Fleurs de feu de Sarah Lark

Les romans de Sarah Lark sont toujours une invitation au voyage, l’Australie et la Nouvelle Zélande nous accueillent le plus souvent pour de volumineuses et fabuleuses sagas. C’est une nouvelle fois une aventure de colons, emplie de souffrance et de rudesse que nous découvrons, voici le résumé:

L’auteure du Pays du Nuage blanc (plus de 250 000 exemplaires vendus en France, toutes éditions confondues) nous offre son neuvième roman dans les pas de la jeune Ida, à la découverte de la Nouvelle-Zélande du XIXe siècle, territoire inconnu et inhospitalier, mais riche de promesses.

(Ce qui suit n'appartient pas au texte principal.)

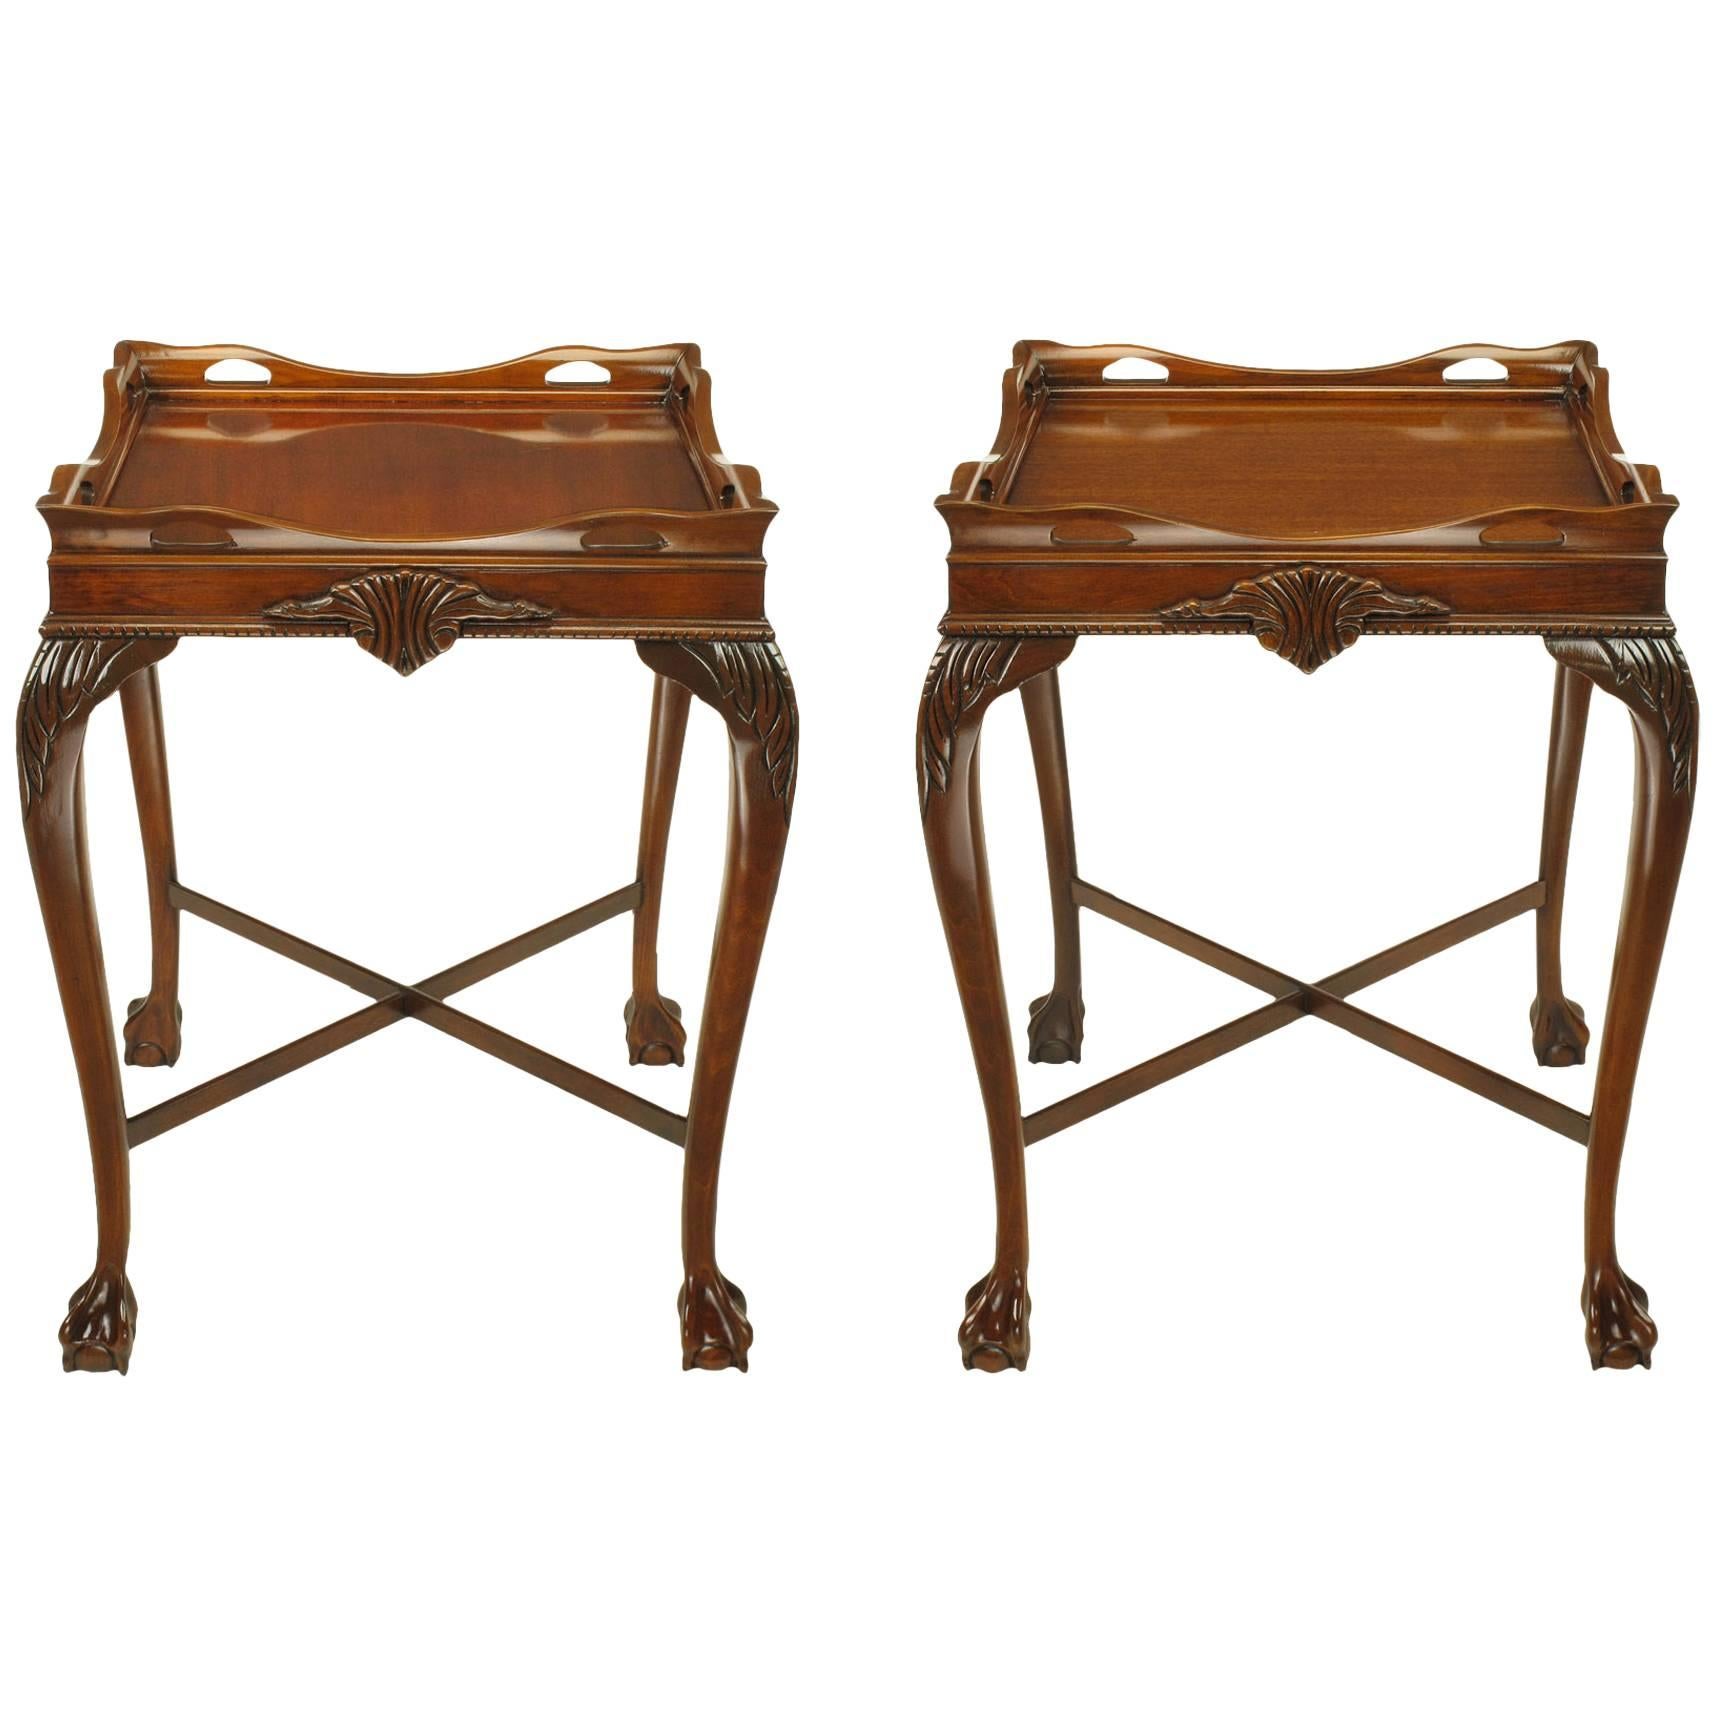 Pair of Mahogany Ball and Claw Footed George II Style End Tables For Sale

La nouvelle saga de l’auteure de la trilogie du Nuage Blanc

Allemagne, 1837. Le rêve d’une vie meilleure pousse les parents d’Ida à partir avec leur fille pour la Nouvelle-Zélande.
Quand leur navire accoste au sud de l’île après une longue traversée, les nouveaux colons s’installent dans un petit village de pêcheurs. Et Ida déchante. Non seulement elle a été mariée de force par son père à un homme qui se révèle brutal, mais la vie, au sein de cette communauté rigoriste, est tout aussi austère qu’en Allemagne.
Heureusement, Ida fait la rencontre de Cath, jeune femme que le destin n’a pas épargnée. Fille d’une prostituée, elle a grandi au sein d’une tribu maorie avant d’en être bannie.
Les deux femmes vont se soutenir et lutter pour gagner leur indépendance. Et, qui sait, trouver enfin le bonheur… Le premier volet d’une nouvelle saga qui rappelle Le Pays du Nuage Blanc, le succès international de Sarah Lark.

Le point fort de l’auteure et ce qui fait sa signature est sa passion pour l’Australie, nous le savons, mais aussi la force de ses personnages féminins, elle leur donne une volonté et un courage qui donne envie de les suivre et de les voir évoluer au fil des pages et des tomes des sagas dont elles sont le point central. J’ai ressenti comme souvent dans ce genre de lecture, une alternance des sentiments et des émotions, entre rage et agacement, entre attendrissement et bonheur. Il faut dire que les personnages sont un parfait échantillon de tous ces gens que l’on trouve admirables mais aussi détestables, et les derniers cités ne font pas les choses à moitié. A une époque où la femme était pour certains de moindre importance qu’un objet, il fallait à celle-ci une bonne dose de courage afin de supporter le mariage et la vie qui lui étaient imposés.

L’exotisme de la vie des Maoris donne comme toujours du charme et du piquant à cette histoire, certains personnage dont la vie ne s’annonçait pas sous les meilleurs hospices, seront une de leurs dignes portes paroles et représentantes de leurs traditions auprès des colons. Nous découvrons également au sein de ce peuple certaines scènes qui nous paraissent injustes mais qui une nouvelle fois nous incitent à accepter la différence. Surtout ici, rappelons que l’histoire porte sur une colonisation. De nombreux rebondissements nous attendent dans ces quelques 630 pages, l’auteure nous fait découvrir les négociations et les entendent entre les tribus et les colons, avec bien entendu, parfois des mensonges et des tromperies. Un apport historique que nous, peuple français connaissons peu au final.

Une lecture qui correspond à ce que j’en attendais et qui m’a transporté loin de nos frontières et de notre époque durant de belles heures de lectures.